Fingerprints on the duct tape led police to Rahsson Bowers, a drug dealer.  Bowers originally blamed "two white guys" for the murder, then changed his story when detectives suggested the name of Rick Walker, a former boyfriend of Lisa Hopewell.

On the stand, Bowers claimed that after smoking crack cocaine, Walker had forced him to wrap Lisa's face with duct tape.  Bowers described Lisa repeatedly gulping as she died. 

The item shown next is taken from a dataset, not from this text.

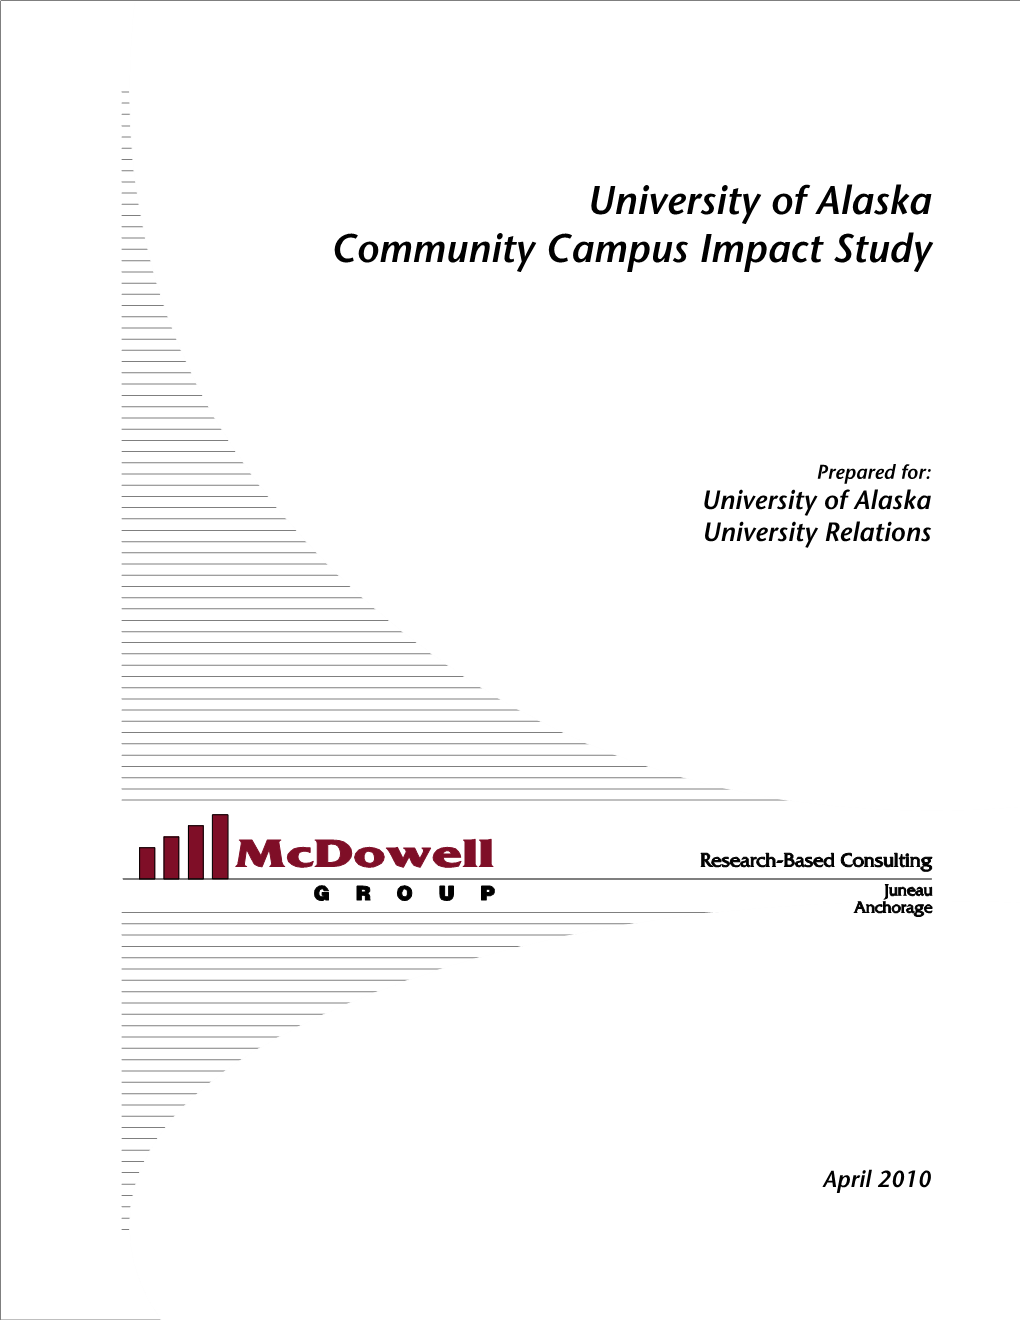 University of Alaska Community Campus Impact Study

Bowers cried on the witness stand.  The jury was visibly moved.  One juror had to ask for a tissue.

Rasshon Bowers was found guilty of second degree murder.  Rick Walker was convicted of first degree murder.  

Bowers had lied.  He'd made a secret plea deal with John Schon, the Santa Clara County prosecutor.  Another witness, an ex-girlfriend of Rick Walker, also gave false testimony against Walker (after being coached by Schon) in secret exchange for lenient treatment of a drug charge.

In June 2003, after 12 years of hard time in San Quentin and Pelican Bay, Rick Walker was freed on the basis of DNA evidence, the result of dogged work by attorney Alison Tucher, the only hero in this sordid tale. 

From every house, there runs a sewer.

(Information about Lisa's murder comes from SFGate.com
, from the San Jose Mercury News, and from the Princeton Alumni Weekly.)